Voir l'intégralité des commentaires de cet article

Patrick Adam Patrick Adam 11 septembre 2006 10:11

@ Ibraluz

Je prends bonne note de votre interrogation (et de votre bottage en touche) concernant votre comparaison des émeutes de Sétif avec le comportement de Mahomet. Comme vous le voyez j’aime bien aller au bout d’un raisonnement quel qu’il soit.

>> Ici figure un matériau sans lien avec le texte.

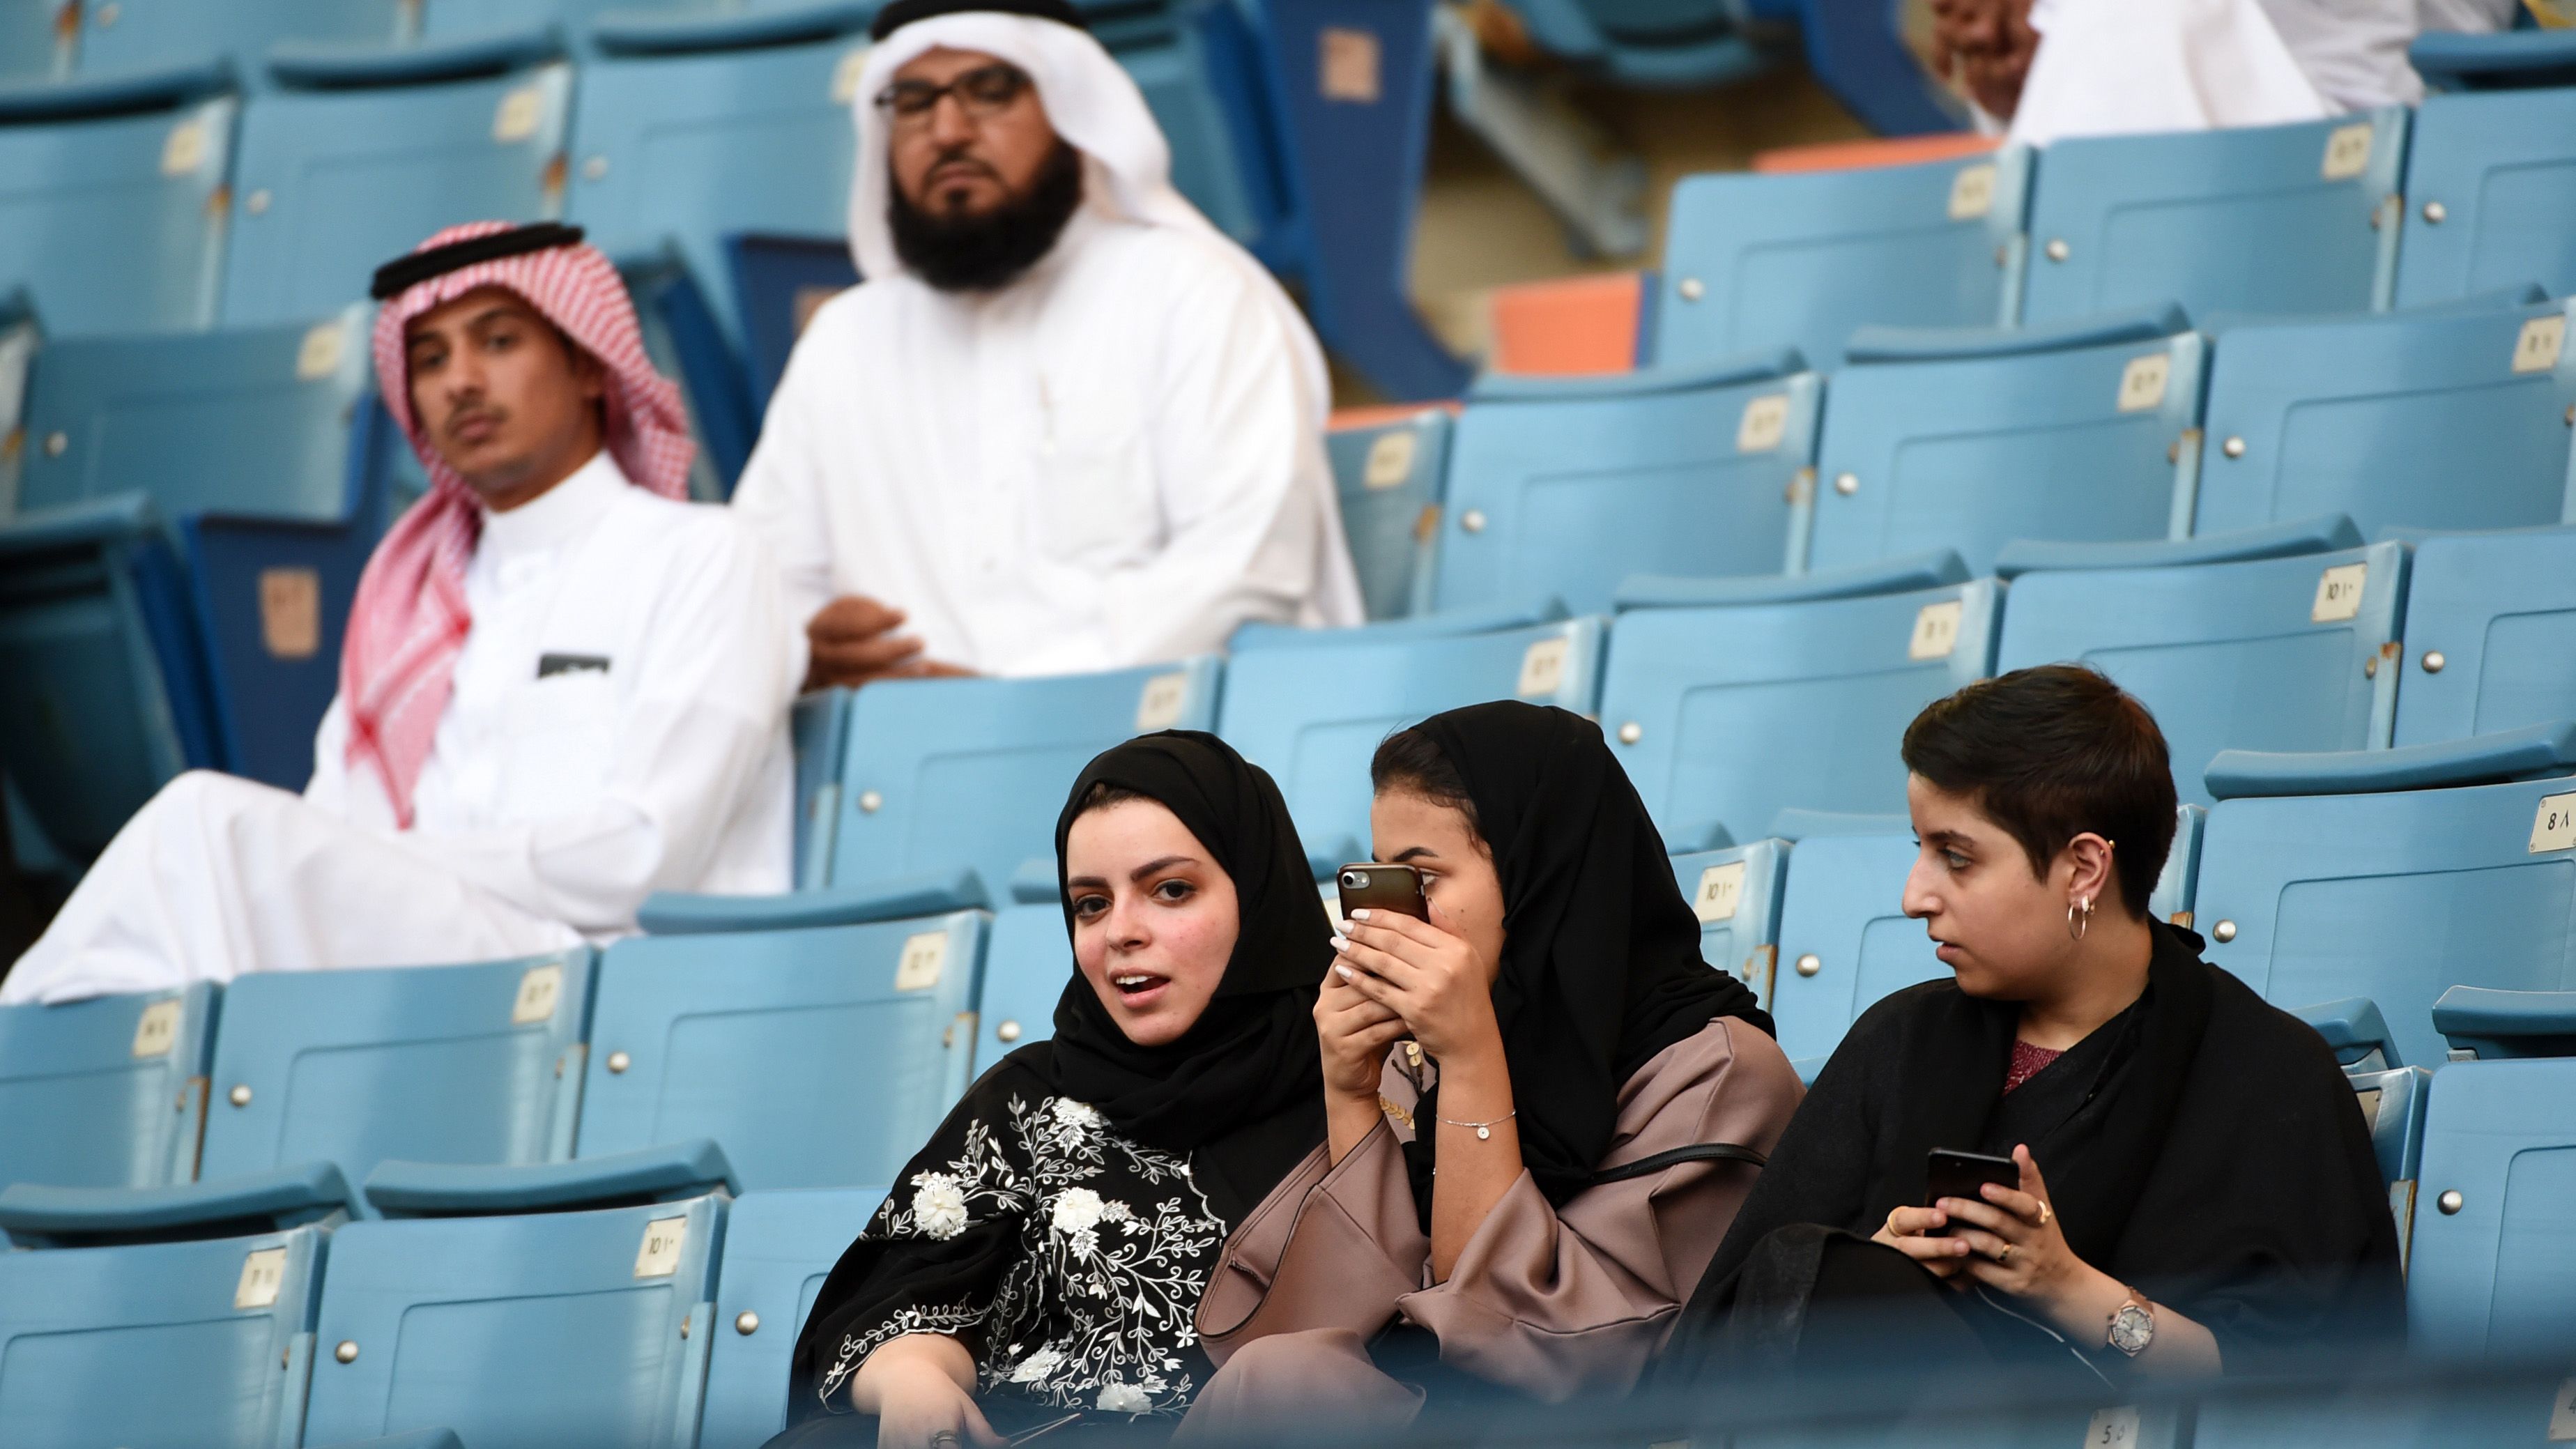 Areabian Muslim Girls Chudai Vid - Saudi Arabia to allow women spectators in sports stadiums | CNN

Pour ce qui est de la Mauritanie que je ne connais pas (mais je vis dans une société qui fonctionne sur les mêmes bases culturelles), les chiffres concernant l’esclavage parlent de 300 000 personnes, sans compter les esclaves qui se sont réfugiés au Sénégal dans les années 80 et qui n’ont toujours pas été admis à rentrer au pays malgré le changement de régime. Je n’ai aucune envie de m’étendre sur le sujet car je trouve particulièrement inhumains ces vestiges de sociétés basées sur un nomadisme que l’on présente depuis des millénaires comme s’apparentant au paradis perdu. Tu parles ! Y trouver un lien social ressort du même argumentaire qu’utilisaient les Sudistes américains au moment de la guerre de Sécession. Je me permets simplement de vous citer le proverbe qui a eu cours pendant longtemps en Mauritanie concernant les esclaves et que, d’après certains chercheurs du cru, on chante encore parfois dans les cours de récréation du pays ou dans la rue : « Trois choses ne disparaissent jamais chez l’esclave : dormir, voler et pisser au lit ».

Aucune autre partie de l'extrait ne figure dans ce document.